Form here: http://www.jroller.com/craiger/entry/where_are_all_the_c
Craig Tataryn wrote:
Hi Bjarne, I'm professionaly a Java programmer and was wondering
something. In the Java world, we have Sun, and Sun (or a commitee)
produces specifications for things which would benefit the Java
eco-system (if I may use this kitchy terminology). So, two
specifications were produced of significance to the web application
developer:
Java Servlet Specification
Java Server Pages Specification
Within the Servlet spec, Sun defined the reference framework for what
a "Web Application" is, and how, if one were to create a web application
container, they could do so by following this spec.
Of course this caught on like wild fire, and whether one likes or
dislikes Java, the specs setup a nice environment which cultivated Java
as a web-language (dare I say "of choice") for developers.
I have many friends who are C++ programmers, so I queried them as to
what type of framework they use to build webapplications. They
either a) don't write web applications b) wrote their own framework
(http://http://labs.wexussoftware.com/) or c) use Ruby on Rails.
The last option was described to me as "use the right tool for the job"
I guess the answer I am looking for is, why hasn't C++ penetrated the
web application frontier? Is it lacking an entity to write a
specification for such a thing?
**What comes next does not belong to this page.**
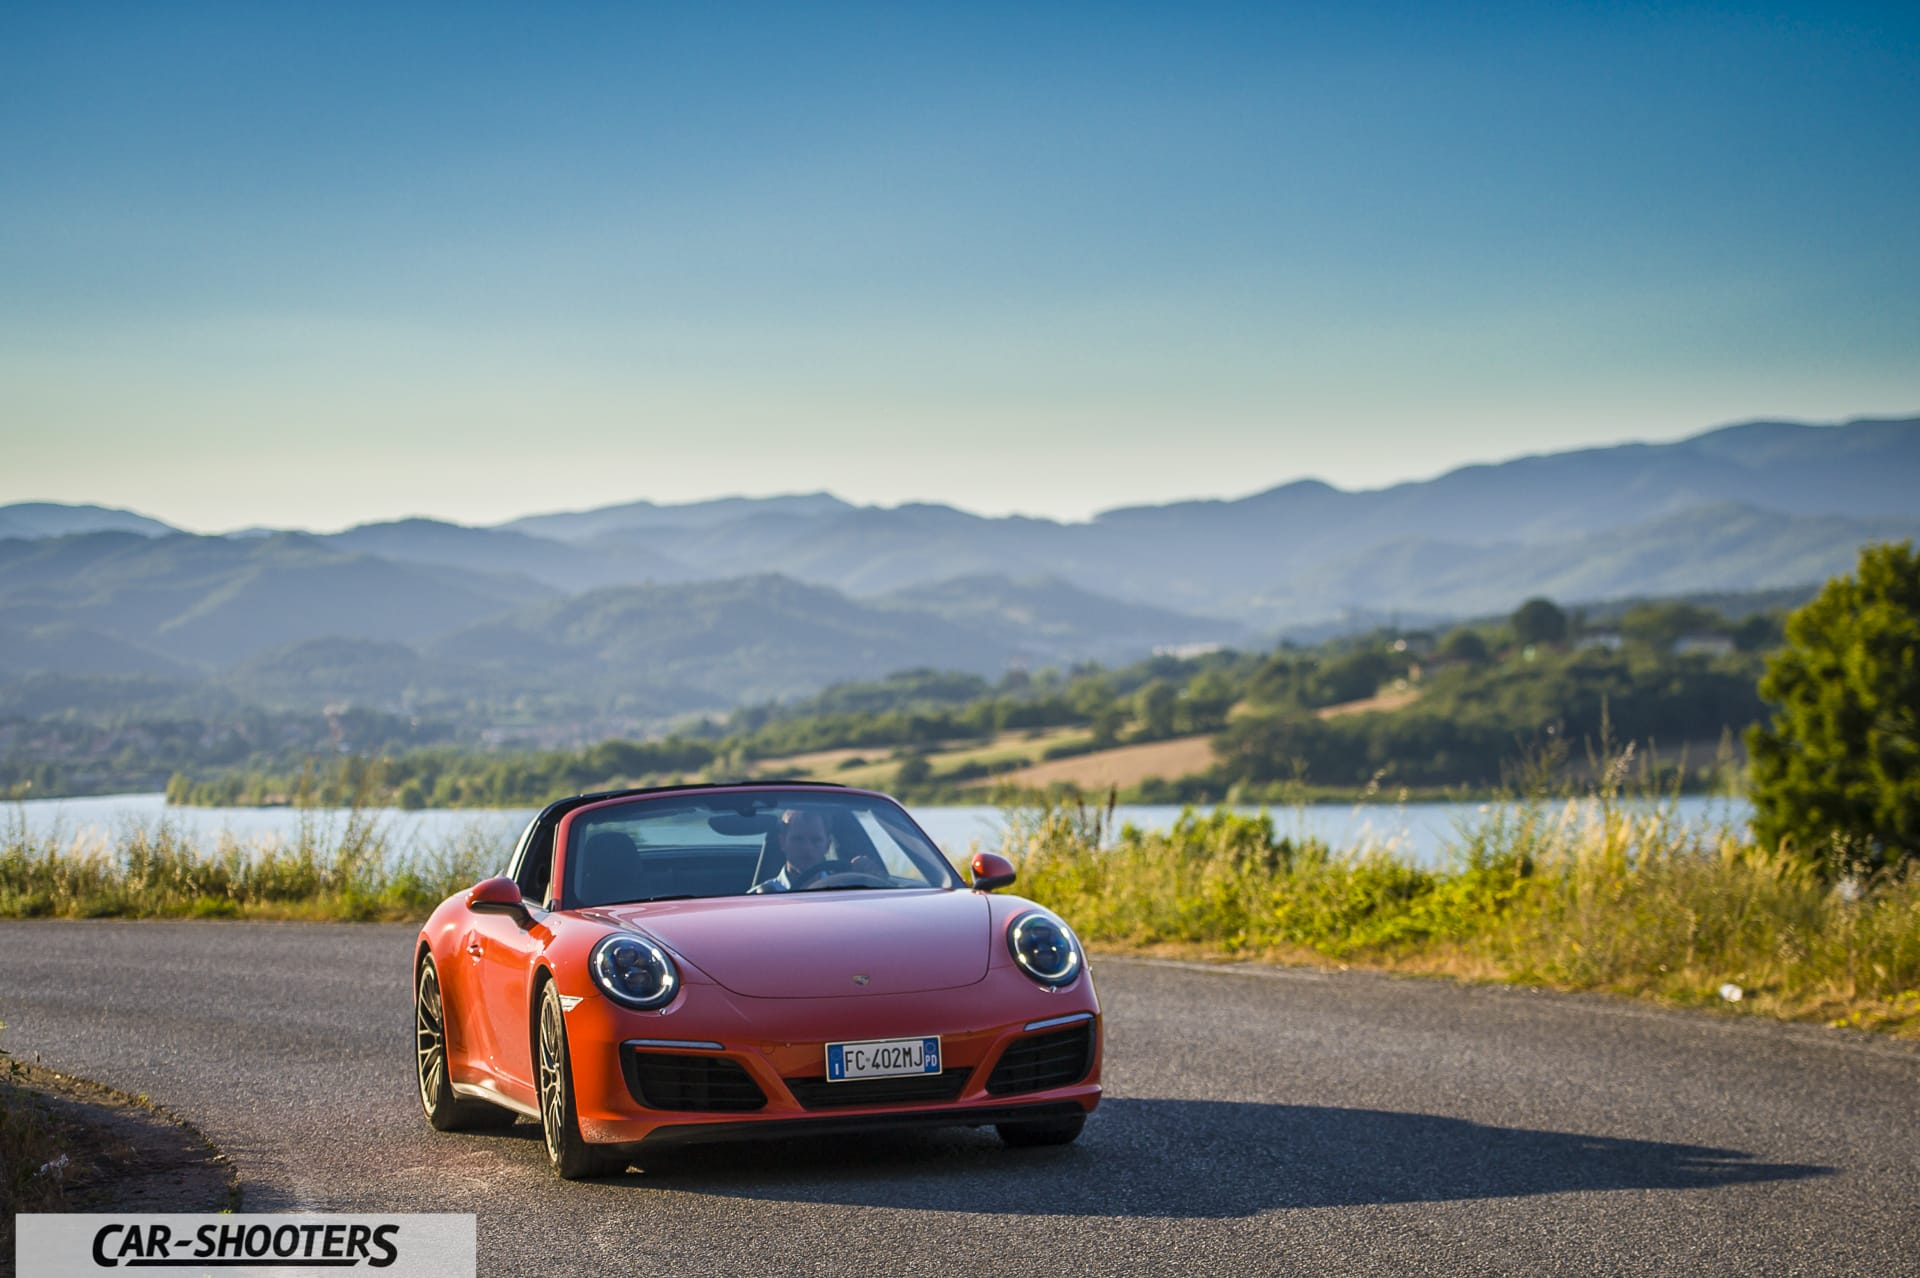 Porsche 911 Targa 4S Lago di Bilancino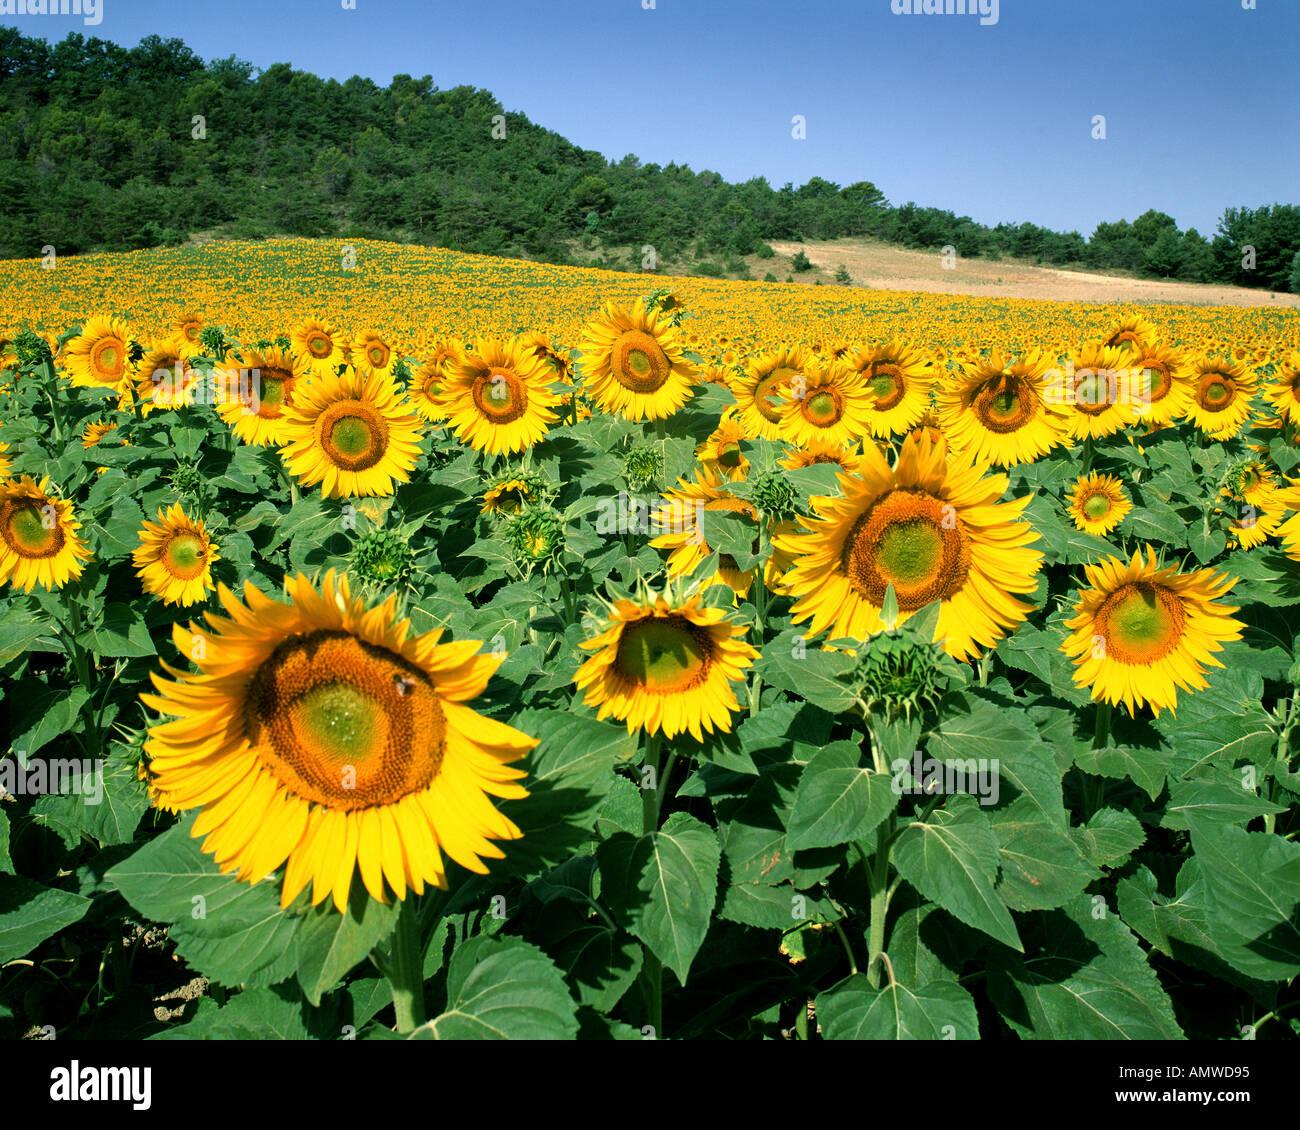 FR - PLATEAU DE VAUCLUSE: Feld von Sonnenblumen Stockbild

In my googling, I can't even find
commericial web application frameworks for C++. I just don't get it
because it would produce some pretty fast, resource savvy webapps.
You have the answer in the first line "Java has Sun" or maybe more
correctly "Sun has Java". That is, there was an organization willing to
pay dozens of millions of dollars for development supported by more dozens
of dollars for marketing. The C++ community never had that. Instead, many
organizations built tools for areas they found important for their own
customers.
In consequence, the C++ community don't have massive frameworks (unless
you count CORBA), just applications (usually massive applications, such
as amazon, google, ebay, and amadeus).
There is a lot of C++ "behind the scenes", e.g. financial software,
embedded systems, games, infrastructure (e.g. CORBA, JVM), OS. See my
applications page. There just isn't a mechanism for that to be seen (like
Java's little coffee cup).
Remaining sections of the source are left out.